Dans ce dernier été fécond, Franz qui n'a que 31 ans vient de terminer sa
9ème symphonie
et va écrire les trois
dernières sonates pour piano, encore un triptyque d'œuvres majeures…
J'avais déjà donné les principaux repères biographiques dans les chroniques
dédiés au
quintette
"la Truite" et le
quatuor
"La jeune fille et la mort
par le
quatuor Amadeus, ainsi que la
Symphonie Inachevée
(clic) et (clic).
1 – Allegro ma non troppo
: Une longue et frémissante tenue du quatuor seul avec une dominante sur la
note do surgit avec douceur du silence, de piano à forte. Comme pour la
9ème symphonie,
Schubert
commence son œuvre en do majeur, la tonalité la plus simple, une tonalité
sereine. Le second violoncelle ne rejoint le groupe quatuor de sa voix grave
qu'à la onzième mesure comme un personnage bonhomme qui voudrait s'inviter à
une réunion entre amis. Même si le quatuor
Alban Berg
zappe sur la reprise, le mouvement approche le quart d'heure. Nous
traversons l'univers le plus caractéristique et parfait de
Schubert
: une errance, un changement constant de tonalité, des accords dissonants
qui signent les interrogations du compositeur en ces mois de travail intenses, mois d'angoisse par rapport à la maladie qui
le ronge.
Schubert nous ballade (au sens musical) entre bien-être et nostalgie.
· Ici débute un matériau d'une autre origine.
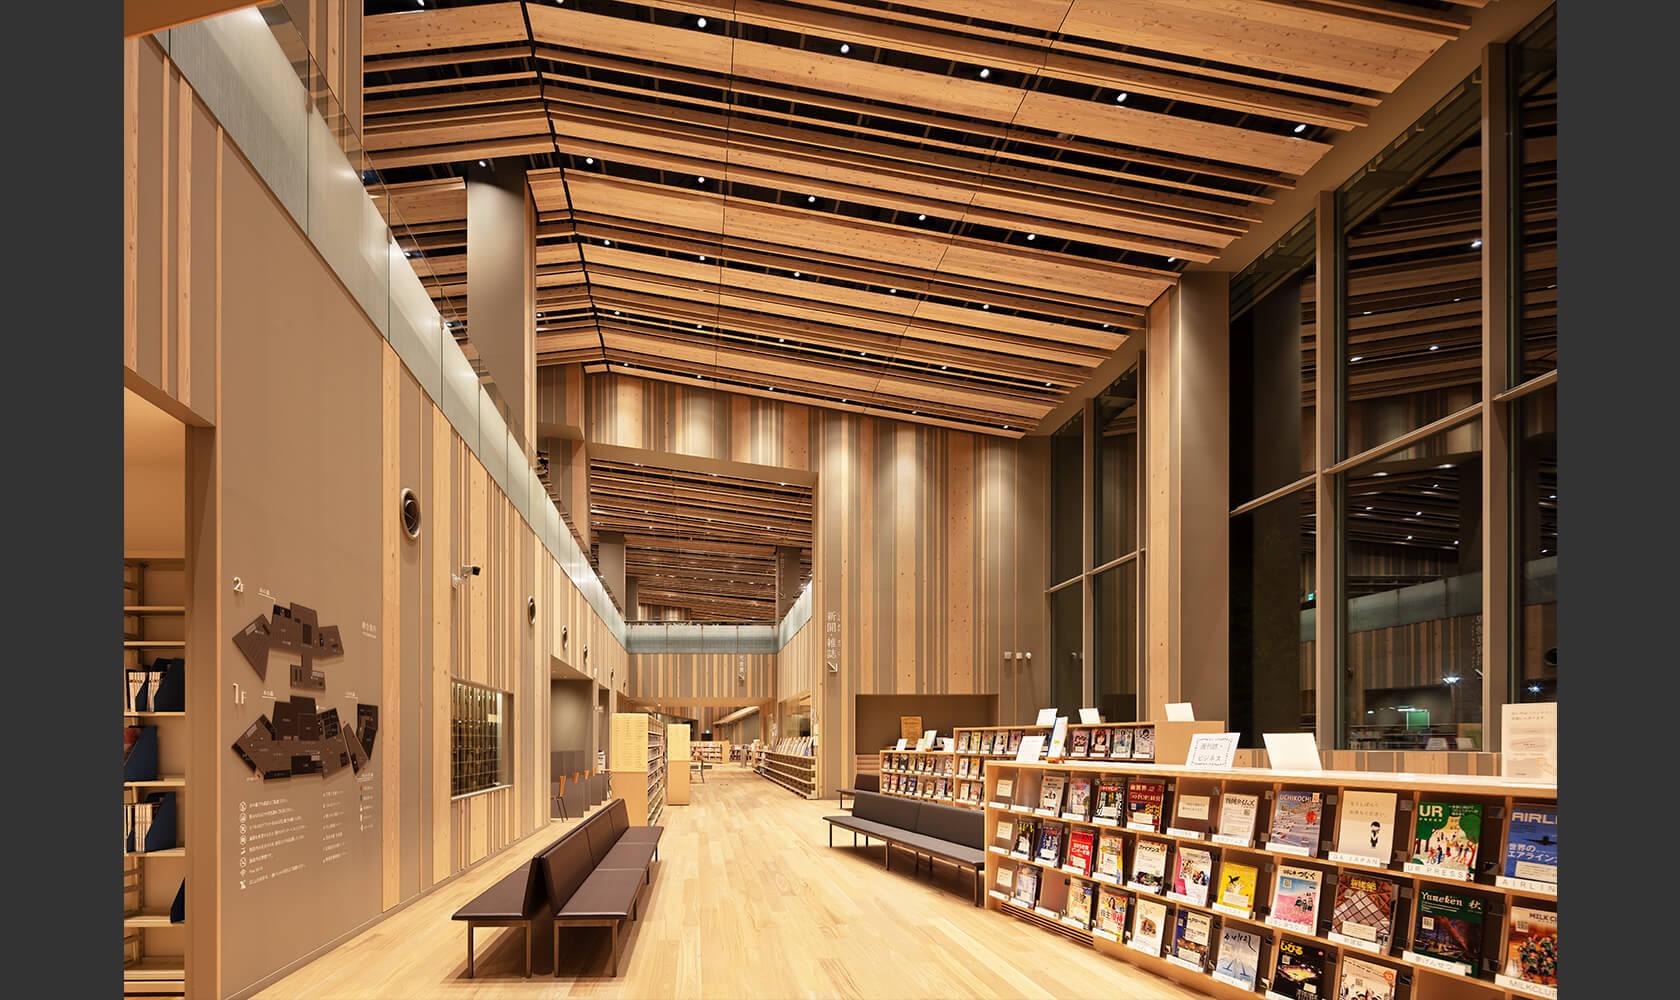 守山 市立 図書館 守山市立図書館 - Wikipedia

La partition
(je l'ai sous les yeux) est d'une richesse, d'une densité mélodique qui la
rapproche de pièces plus symphoniques comme les divertimentos de
Mozart. Est-ce un divertissement ? Pas vraiment, on distingue de
l'amertume ici et là, notamment dans la coda. La gravité du second
violoncelle apporte un climat parfois douloureux dans le chant des cordes,
un choix volontaire de
Schubert
plutôt que l'incontournable second alto. Le jeu des
Berg
est à la fois déterminé et d'une grande pureté, sans vibrato. Ce style de
jeu permet de naviguer sans difficulté dans les méandres existentiels
suggérés par les portées de la partition. Quelle grande classe dans cette
interprétation avec un tempo relativement soutenu qui évite tout
pathos.
2 – Adagio
: Ce tempo très lent est rare chez
Schubert. C'est le centre de l'œuvre et une page que l'on ne rencontre que quelques
fois par siècle en musique par sa beauté et sa véhémente expressivité. Une
élégiaque phrase en mi majeur introduit cet adagio. Le second violoncelle se
voit confier des pizzicati qui scandent une douce méditation. On s'interroge
quant aux intentions psychologiques cachées derrière la pureté du discours
musical, un discours où s'enchaînent avec élégance passage pianissimo et
piano, jamais plus énergique sauf à… [4'50] Les éléments se déchaînent dans
une rage, un dépit face à cette existence dont le musicien craint l'issue
rapide. Seule notre sensibilité peut le confirmer. Ce développement avec un
motif répétitif et obsédant du violoncelle semble ne jamais se rasséréner.
[8'20] Enfin le calme revient dans un quintette où chaque instrument semble
hésiter à redonner de la voix. C'est le violon qui va reprendre la danse,
une danse galante, plus heureuse mais avec un second violoncelle qui ironise
sur cette joie un peu contrainte. On retrouve le jeu allègre et clair des
Berg
dans ce mouvement génial qui s'écoute plus qu'il ne se commente. Je me suis
limité à un micro guide des idées principales. Une fois de plus je renvoie
au livre de Brigitte Massin qui
consacre plusieurs pages à cet œuvre.
3 – Scherzo (Presto) – Trio (Andante)
: Une folle énergie anime le début du scherzo qui rapidement laisse la place
à un trio méditatif qui fait écho à la gravité des mouvements précédents. Le
déséquilibre sensible entre la durée du trio et les brèves introduction et
reprise du scherzo montrent que ce mouvement n'est plus uniquement le
successeur du menuet destiné à faire une pause avant le final. Schubert
s'inscrit totalement dans le romantisme, une époque où les notes désertent
l'esthétisme imposé par la forme pour une signification plus profonde… Je
parlais d'introspection plus haut… Le quatuor
Alban Berg
accentue parfaitement le contraste entre le festif scherzo et la lamentation
mélancolique du trio. Ce scherzo annonce ceux de
Bruckner.
4 – Allegretto
: Un tempo mesuré pour achever ce long quintette où s'affrontent les
derniers espoirs et les regrets. Ce mouvement animé se construit autour de
trois thèmes dansants et des réminiscences des motifs des autres mouvements,
notamment du second. La mélodie est extraordinairement variée, alternant
tous les climats. Un résumé de toute une vie ? Le
quatuor Alban Berg
respecte à la lettre l'indication Allegretto. Leur jeu ne se
précipite jamais, laissant respirer chaque trait de ce magnifique final. Les
musiciens adoptent un staccato précis qui ciselle chaque phrase. Une
interprétation d'anthologie !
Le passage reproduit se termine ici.